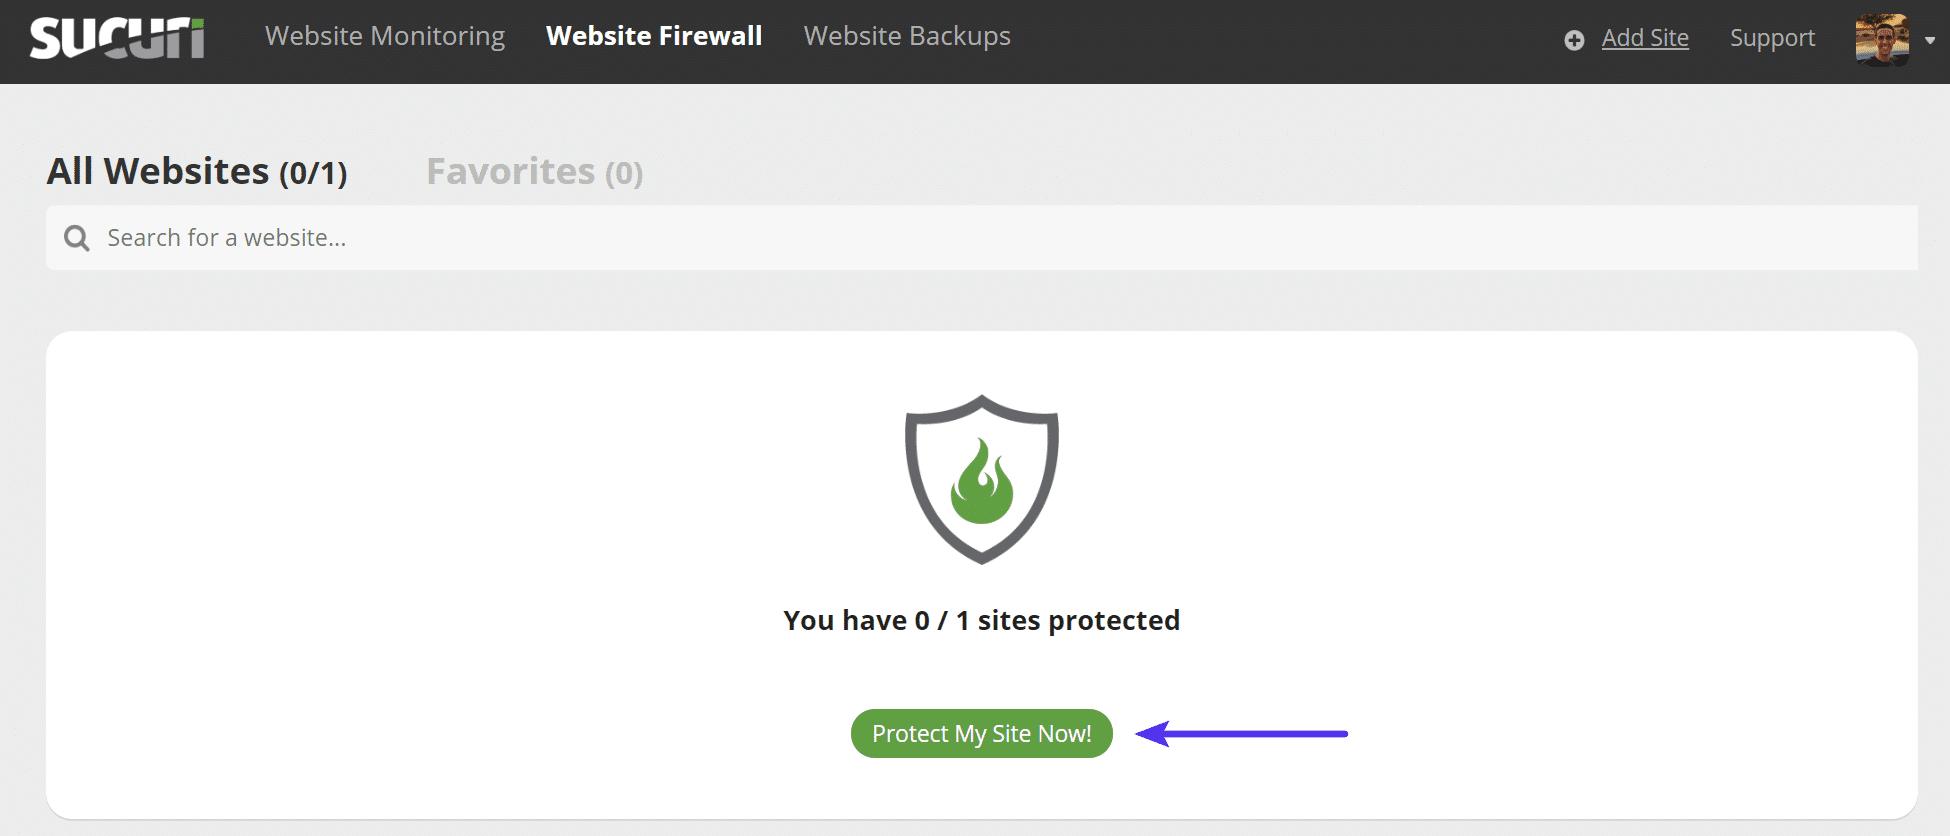 Sucuri protegge il mio sito
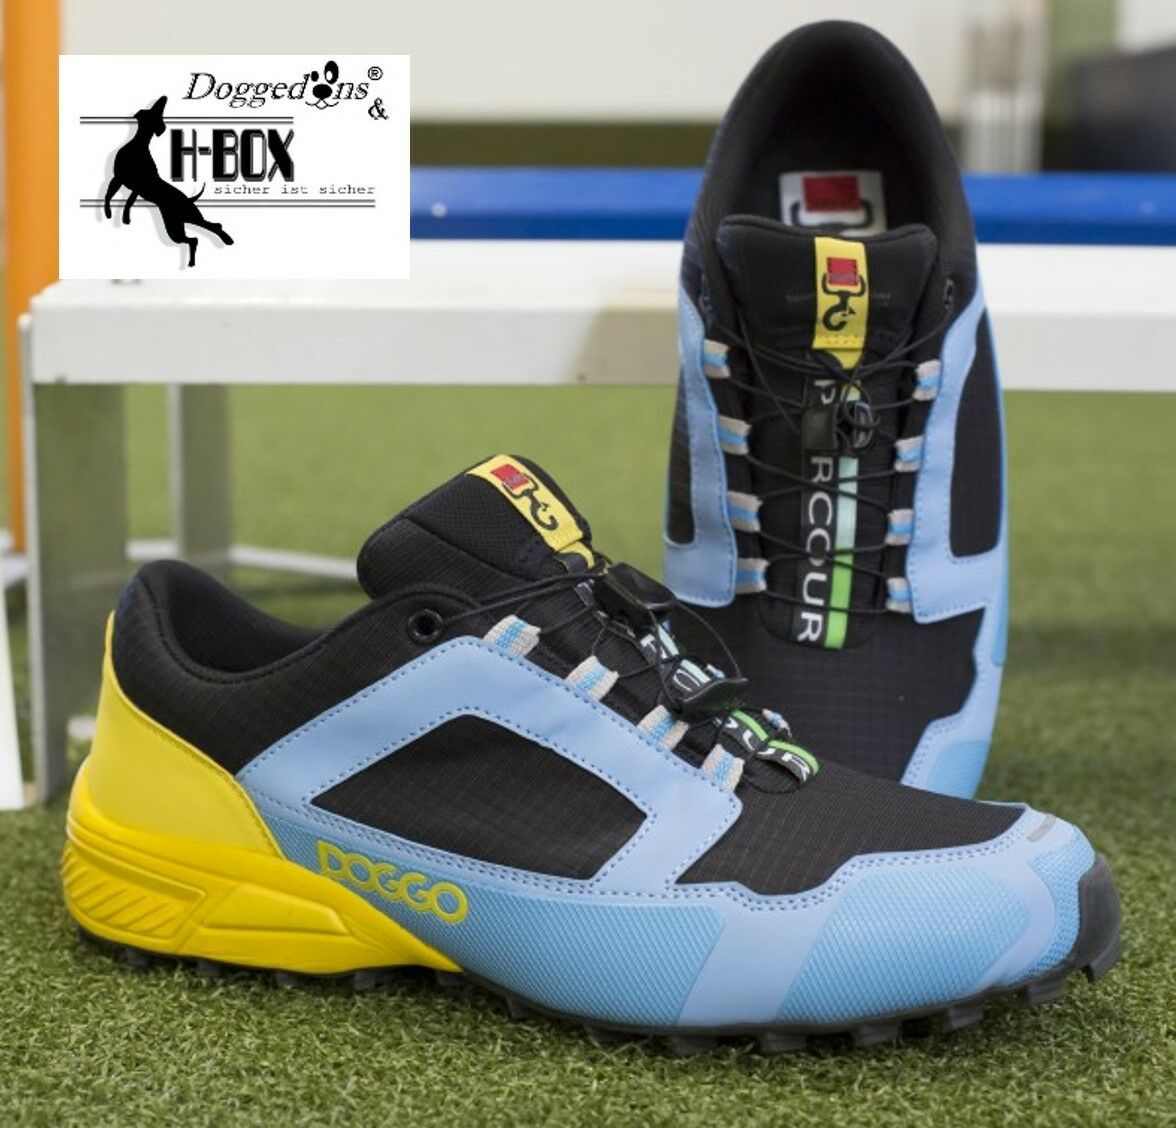 Doggo Parcours,Agilityschuhe,Hundesportschuhe hellblau gelb   | Hohe Qualität und Wirtschaftlichkeit
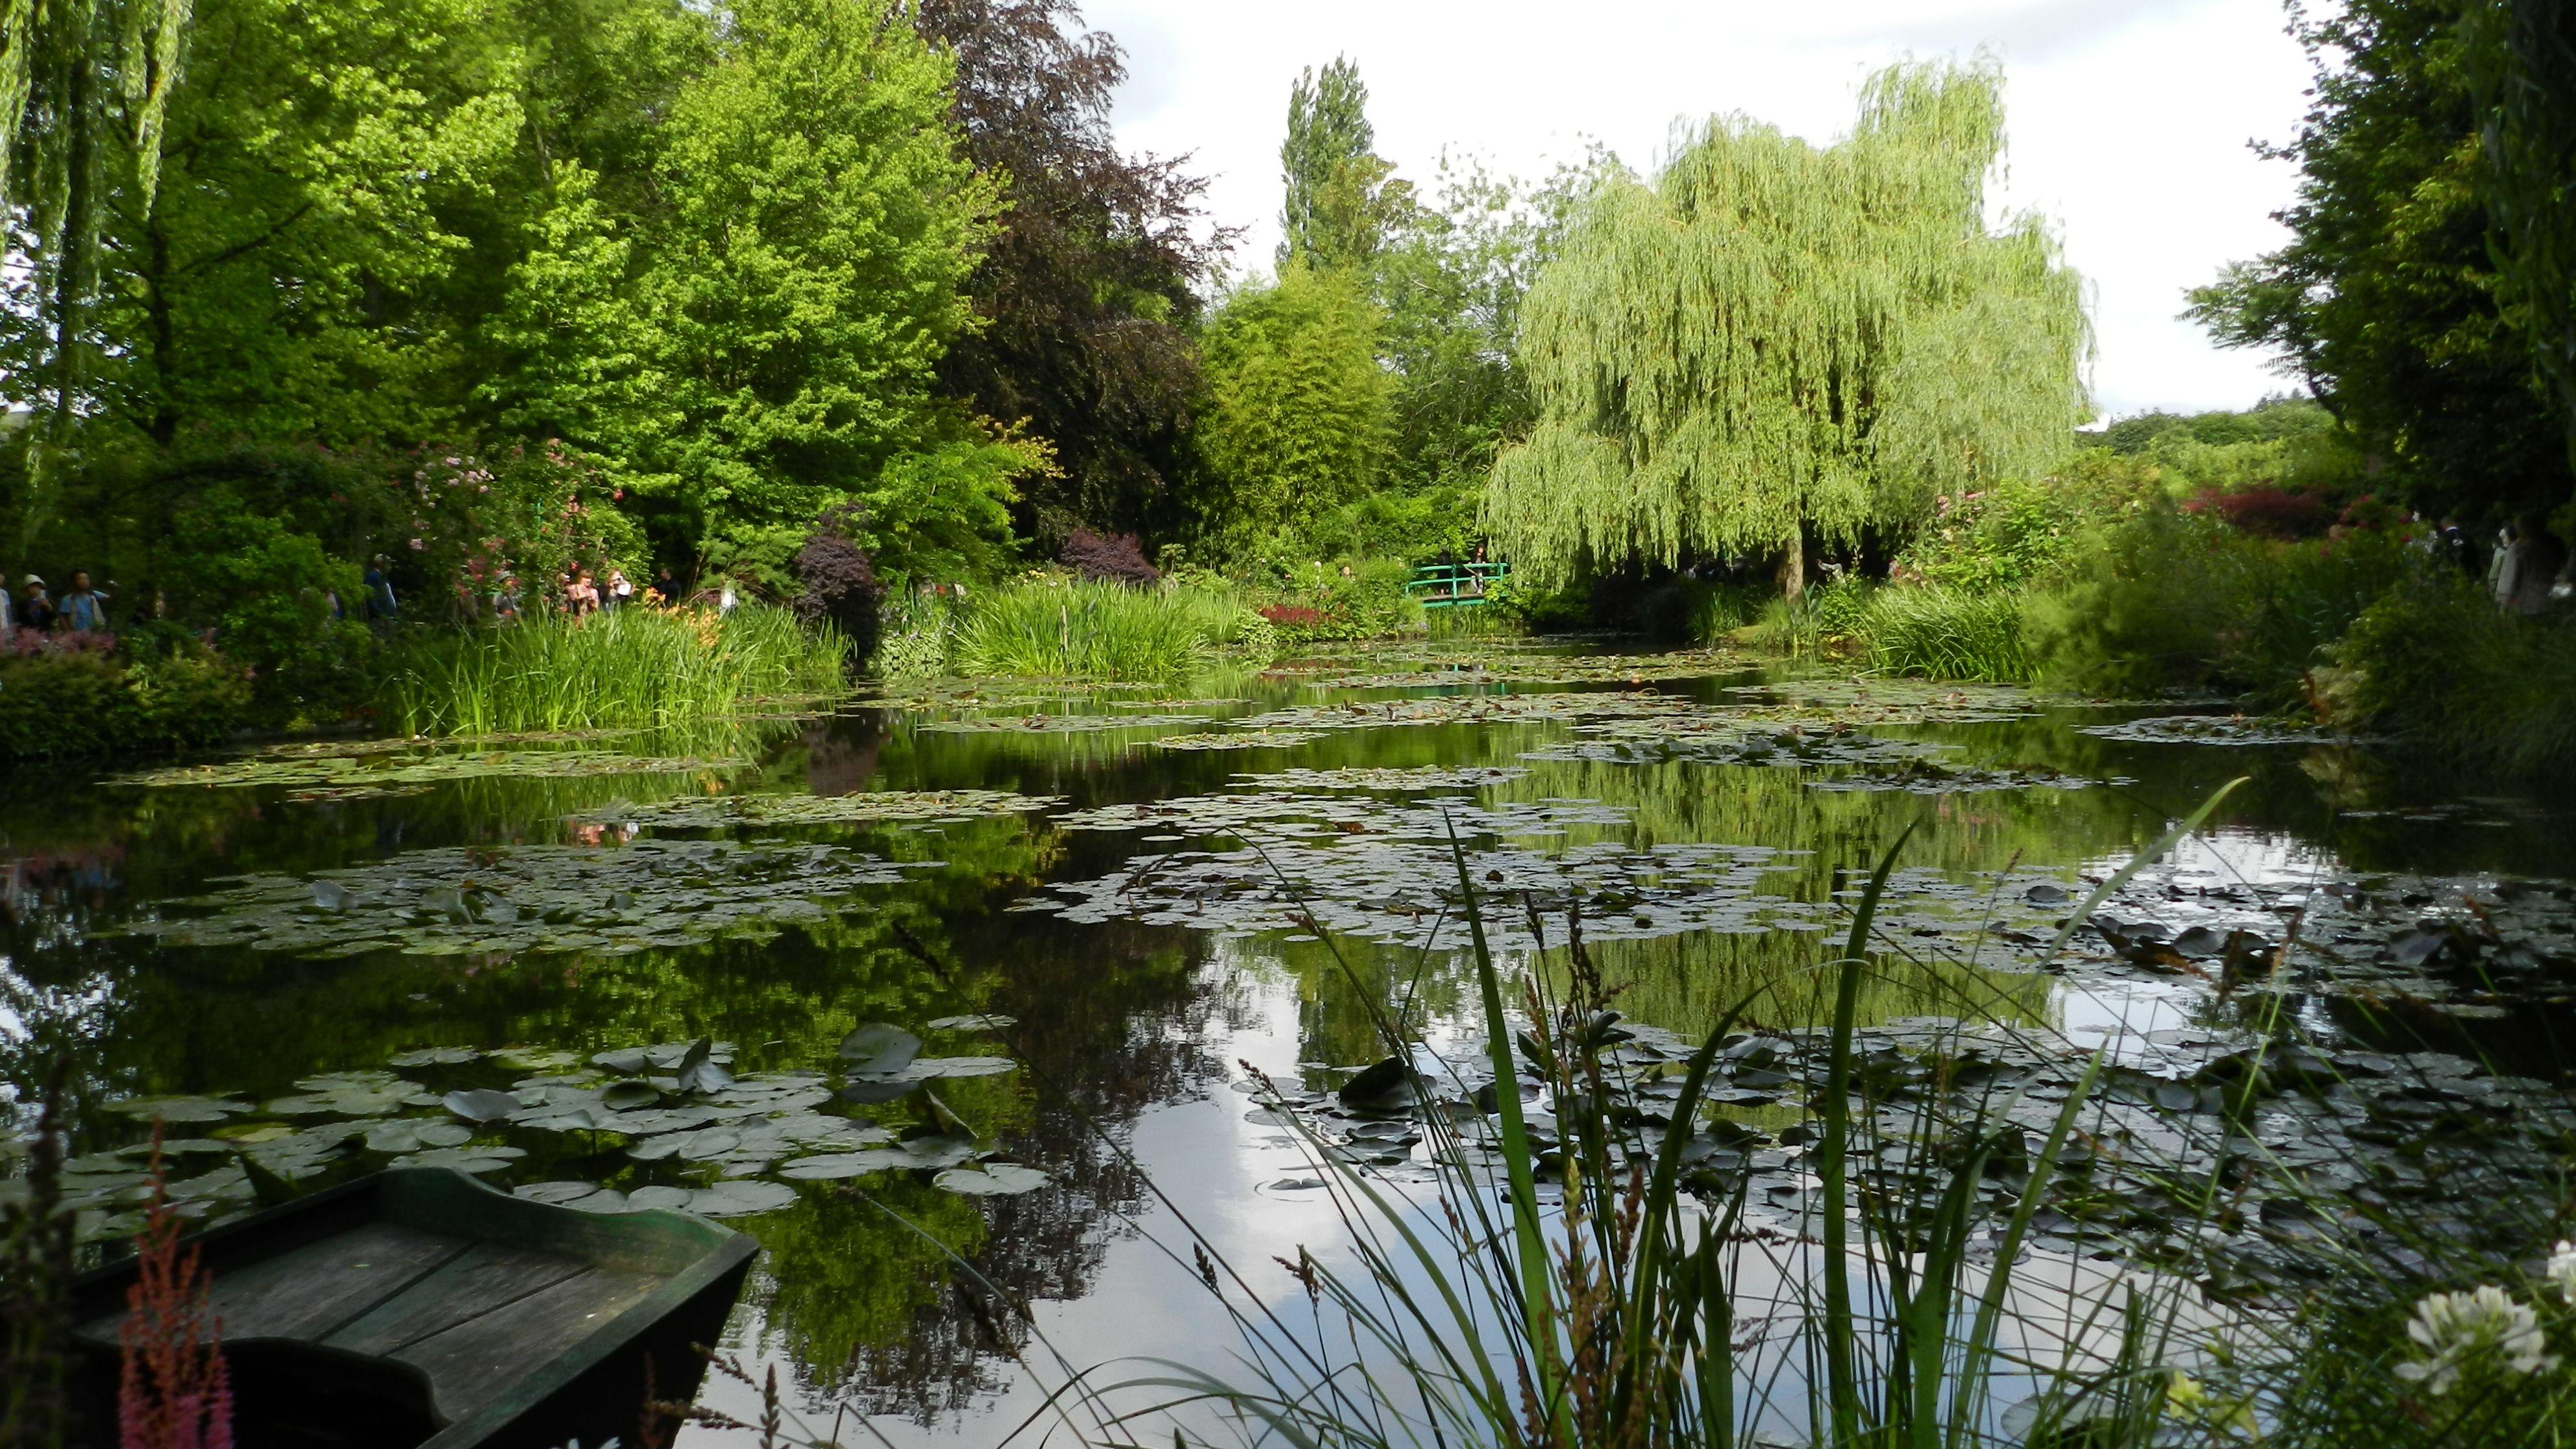 Jardin de Giverny, France, 2011 Spring

====

Give back, exactly and with nothing added, the lines from the line with "Doggo Parcours,Agilityschuhe,Hundesportschuhe hellblau" through the final line of the data, both included; leave pictures out.

• Solution to the exercise
 Doggo Parcours,Agilityschuhe,Hundesportschuhe hellblau gelb   | Hohe Qualität und Wirtschaftlichkeit
 Jardin de Giverny, France, 2011 Spring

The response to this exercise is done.